Bortezomib

Bortezomib (Velcade) is an FDA-approved first-in-class dipeptide boronic acid proteasome inhibitor used in the treatment of multiple myeloma and mantle cell lymphoma. Approved in 2003, it revolutionized myeloma treatment and remains a cornerstone of frontline and relapsed therapy regimens worldwide, typically used in combination with lenalidomide and dexamethasone.

Bortezomib is a dipeptide boronate that reversibly inhibits the chymotrypsin-like activity of the 26S proteasome. The boronic acid moiety forms a reversible covalent bond with the N-terminal threonine residue of the 20S proteasome beta5 subunit, blocking protein degradation. This causes accumulation of pro-apoptotic proteins normally targeted for proteasomal destruction, including IκB (which sequesters the NF-κB transcription factor). NF-κB inhibition is particularly relevant in myeloma, where constitutive NF-κB activity drives proliferation and survival. Additionally, bortezomib phosphorylates Bcl-2, upregulates the BH3-only protein NOXA, blocks p53 degradation, activates caspase cascades, generates reactive oxygen species, and inhibits tumor angiogenesis. The combined pro-apoptotic burden overwhelms the unfolded protein response in malignant plasma cells.

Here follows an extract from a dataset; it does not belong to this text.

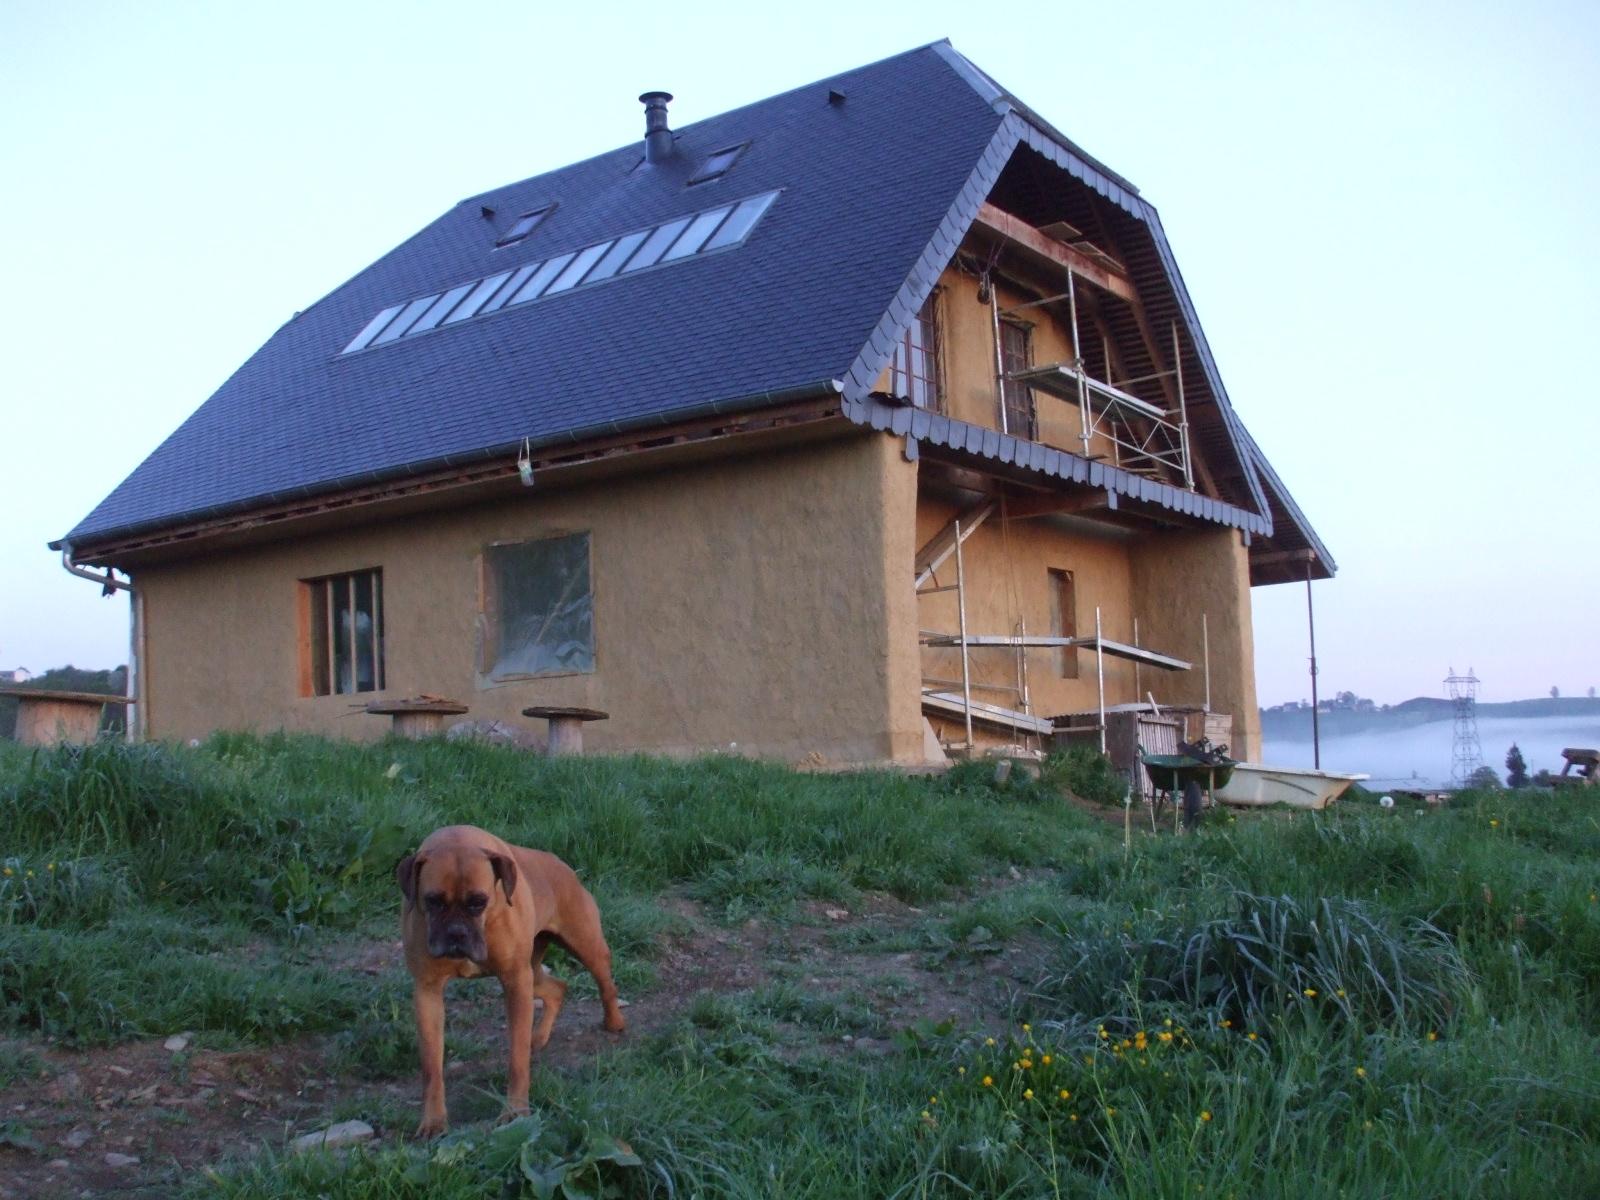 In search of the kiwi la maison en paille the straw house for Maisons en paille
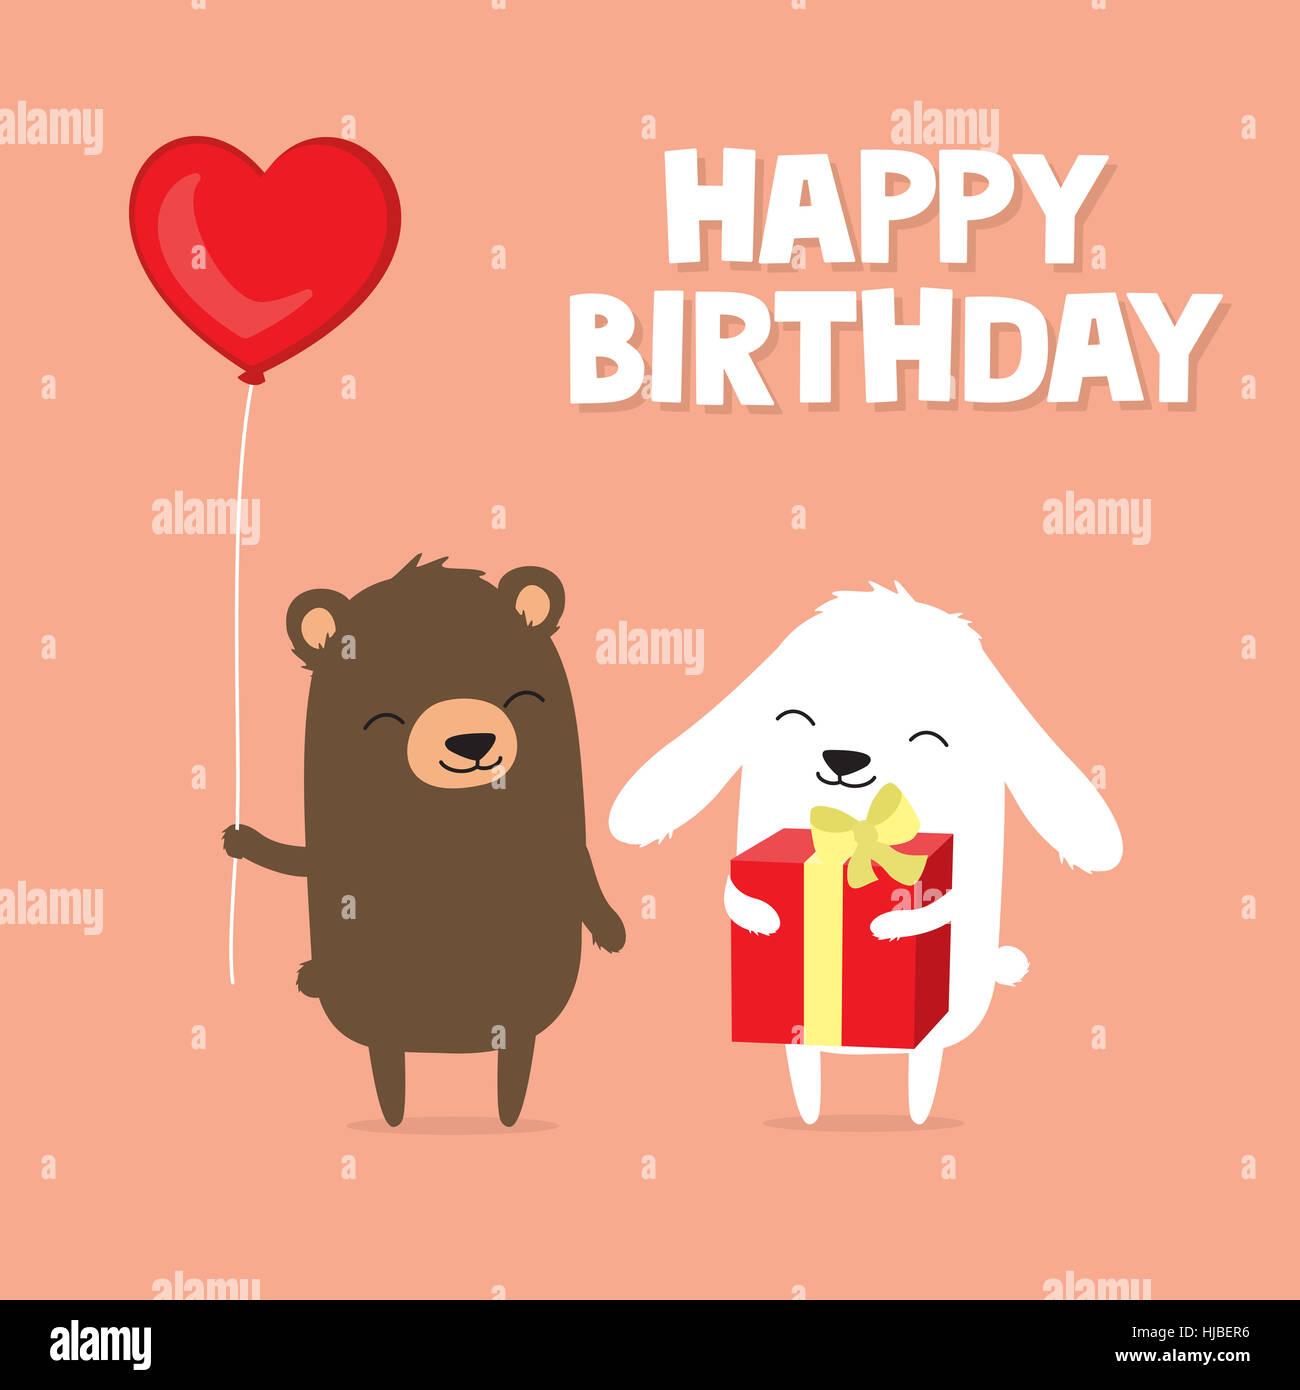 Birthday Greeting Card With Cute Cartoon Bear And Bunny Rabbit Holding Balloon Gift

Bortezomib received accelerated FDA approval in May 2003 for relapsed/refractory multiple myeloma based on the SUMMIT Phase II trial, which showed a 35% response rate in heavily pretreated patients. Full approval followed in 2005 after APEX confirmed superiority over high-dose dexamethasone (38% vs. 18% response rate). The VISTA trial established bortezomib + melphalan + prednisone as a frontline standard. Approval for mantle cell lymphoma followed in 2006. Peripheral neuropathy remains the principal dose-limiting toxicity; subcutaneous administration reduces neuropathy incidence compared to intravenous delivery.